> [TASK MATERIAL]
>>>>
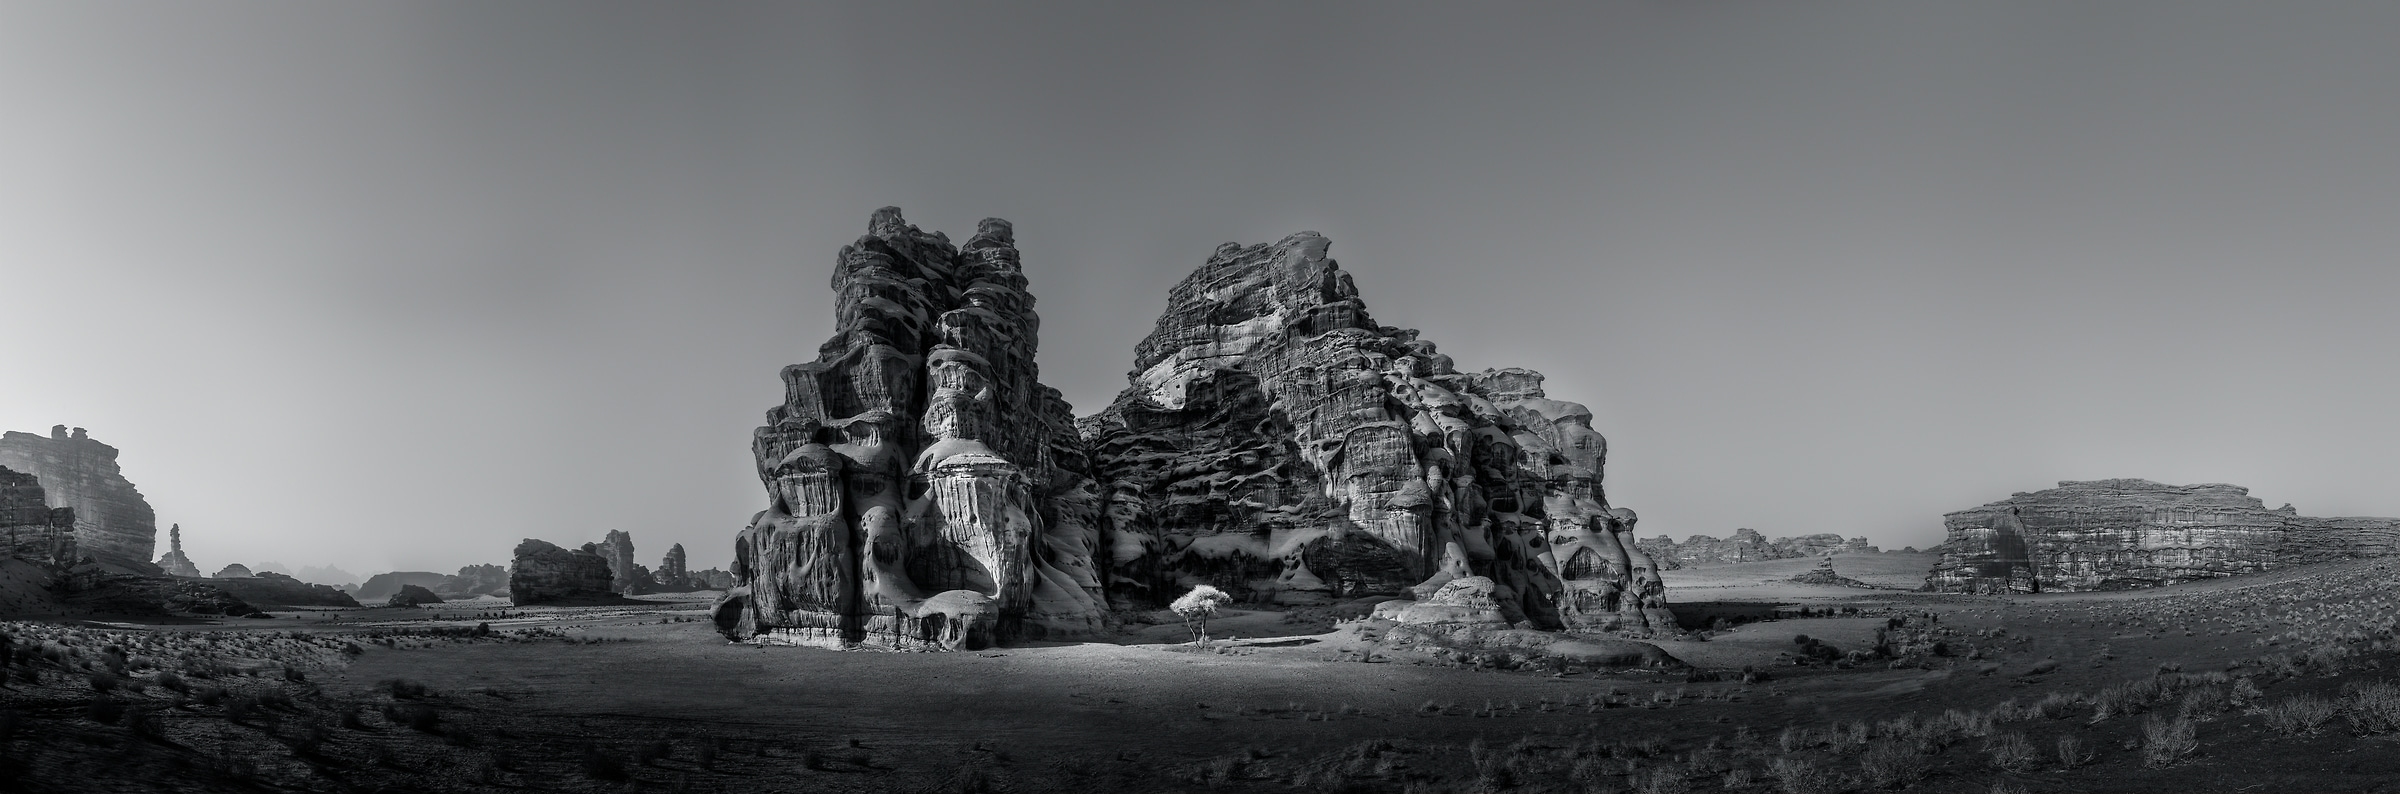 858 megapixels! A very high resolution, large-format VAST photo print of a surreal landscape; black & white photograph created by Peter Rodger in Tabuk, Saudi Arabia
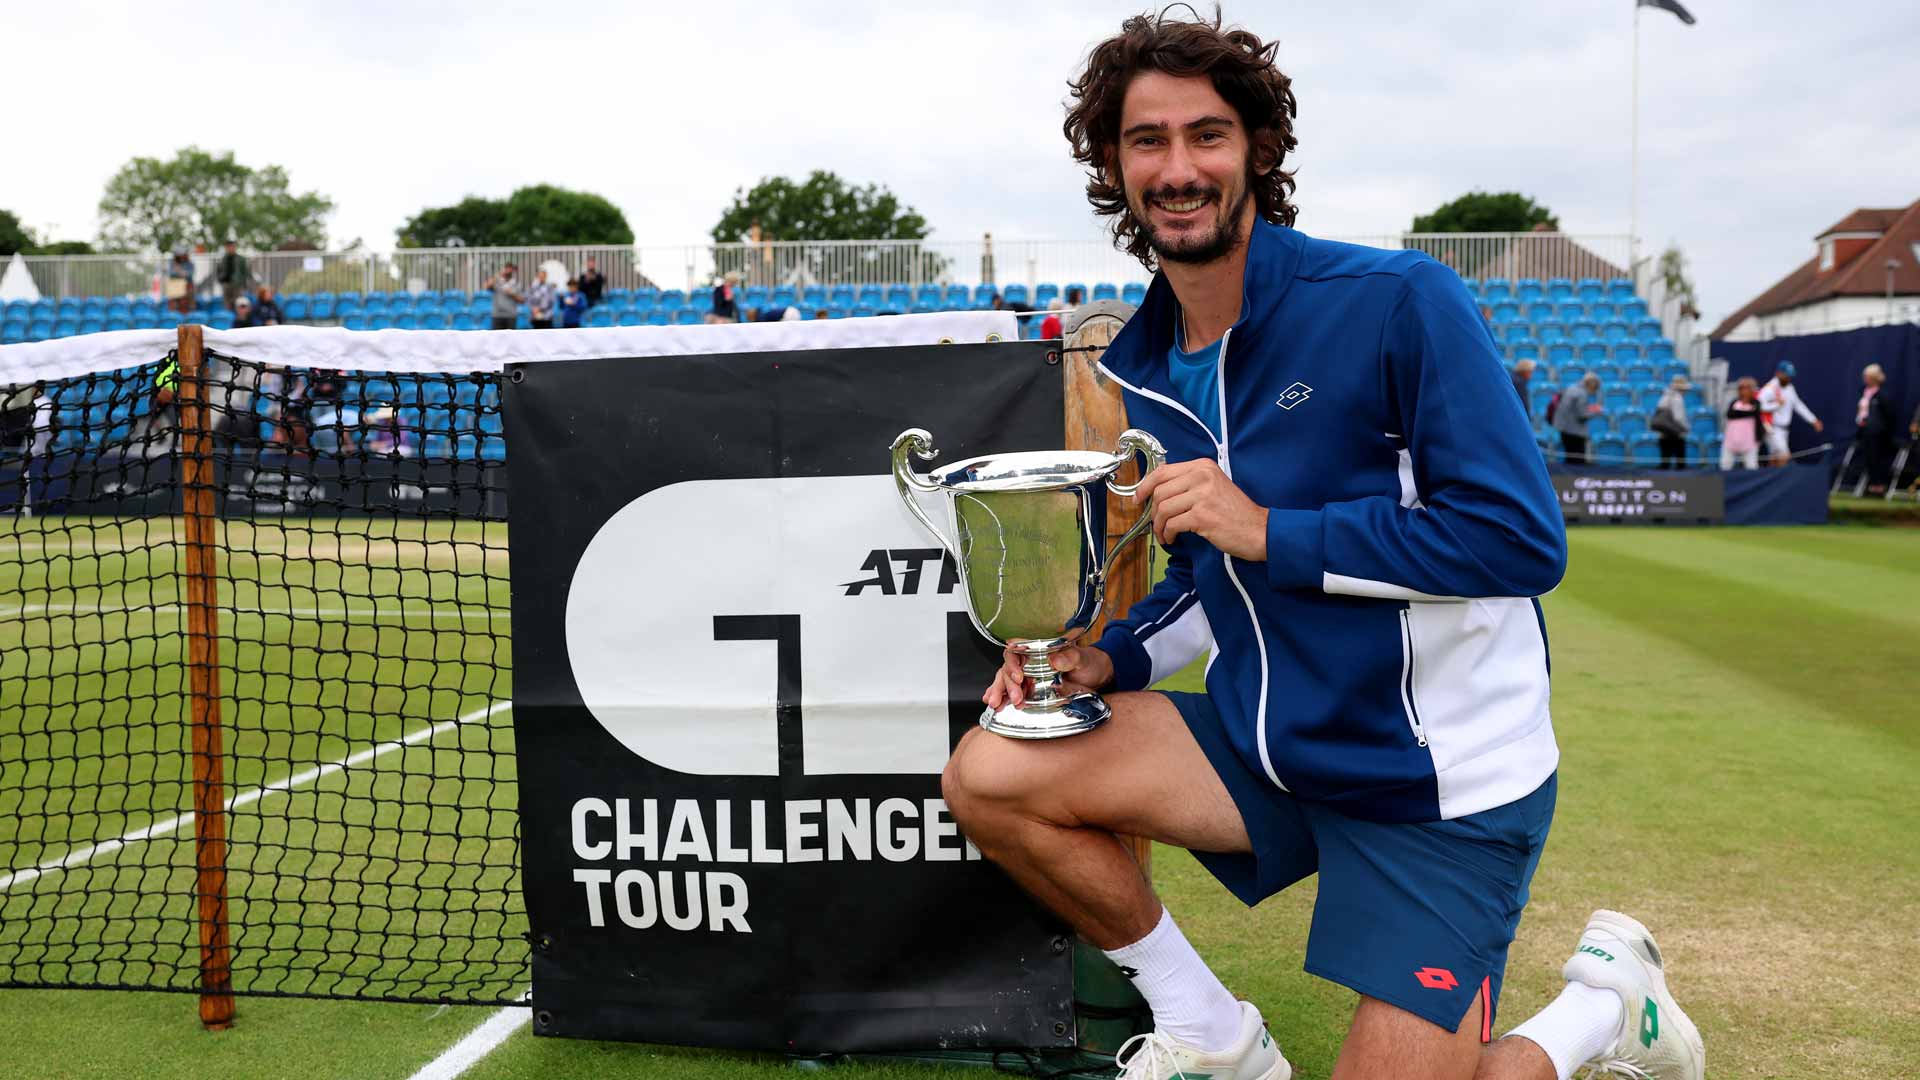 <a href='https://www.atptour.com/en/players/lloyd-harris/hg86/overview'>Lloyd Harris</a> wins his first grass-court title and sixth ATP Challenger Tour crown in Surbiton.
<<<<
>>>>
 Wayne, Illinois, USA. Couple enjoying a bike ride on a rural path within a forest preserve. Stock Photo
<<<<
>>>>
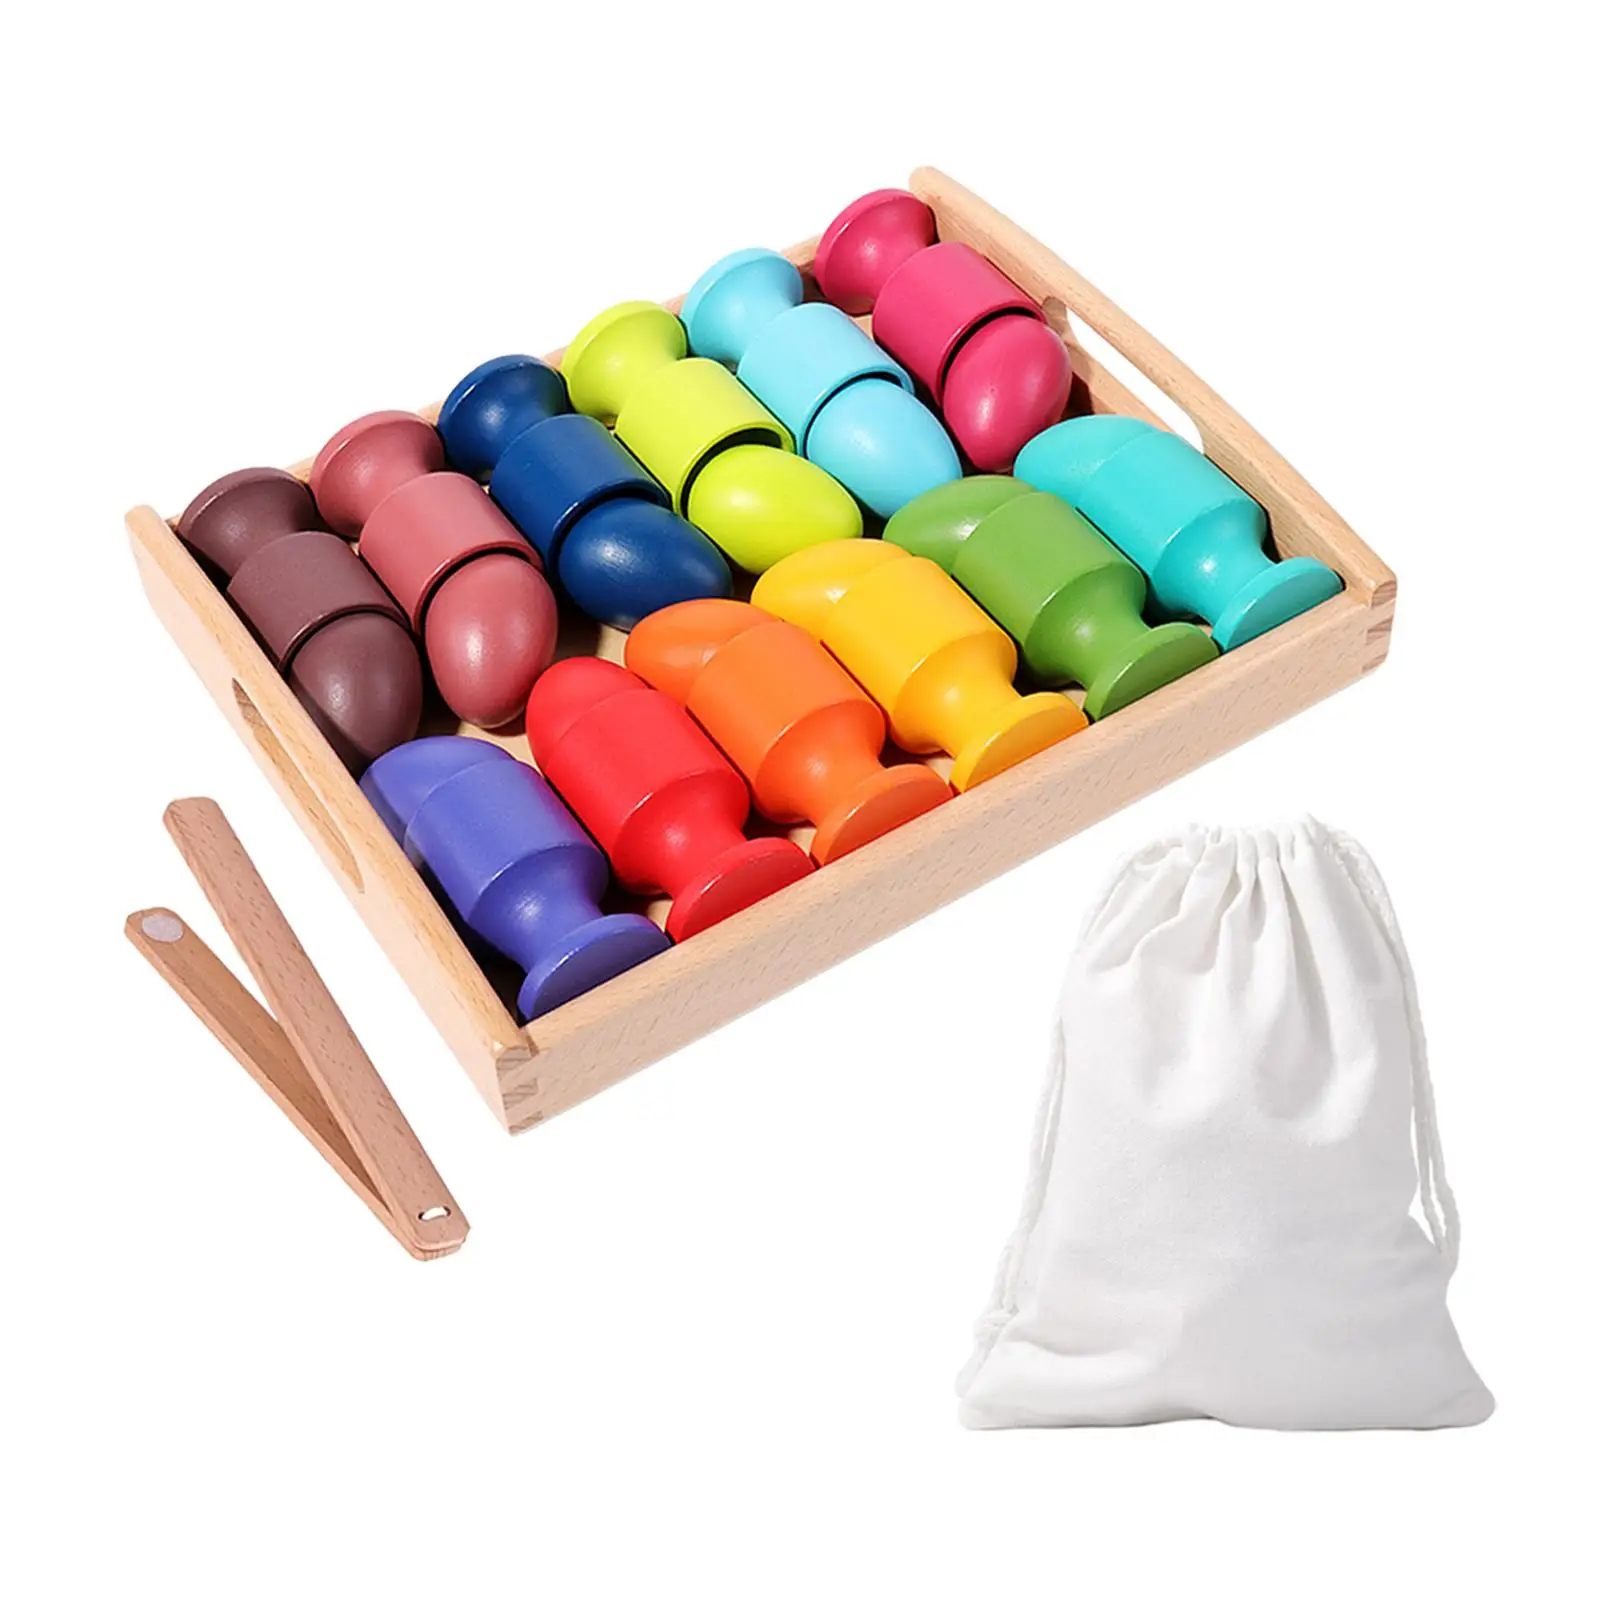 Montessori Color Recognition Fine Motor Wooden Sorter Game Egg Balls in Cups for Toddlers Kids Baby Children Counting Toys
<<<<
> [PROBLEM STATEMENT] Which part of the entries opens with the line containing "858 megapixels! A" and closes with the line containing "crown in Surbiton."? Output that part exactly, ends included, pictures excluded.

> [ANSWER FOR THIS EXERCISE]
 858 megapixels! A very high resolution, large-format VAST photo print of a surreal landscape; black & white photograph created by Peter Rodger in Tabuk, Saudi Arabia
 <a href='https://www.atptour.com/en/players/lloyd-harris/hg86/overview'>Lloyd Harris</a> wins his first grass-court title and sixth ATP Challenger Tour crown in Surbiton.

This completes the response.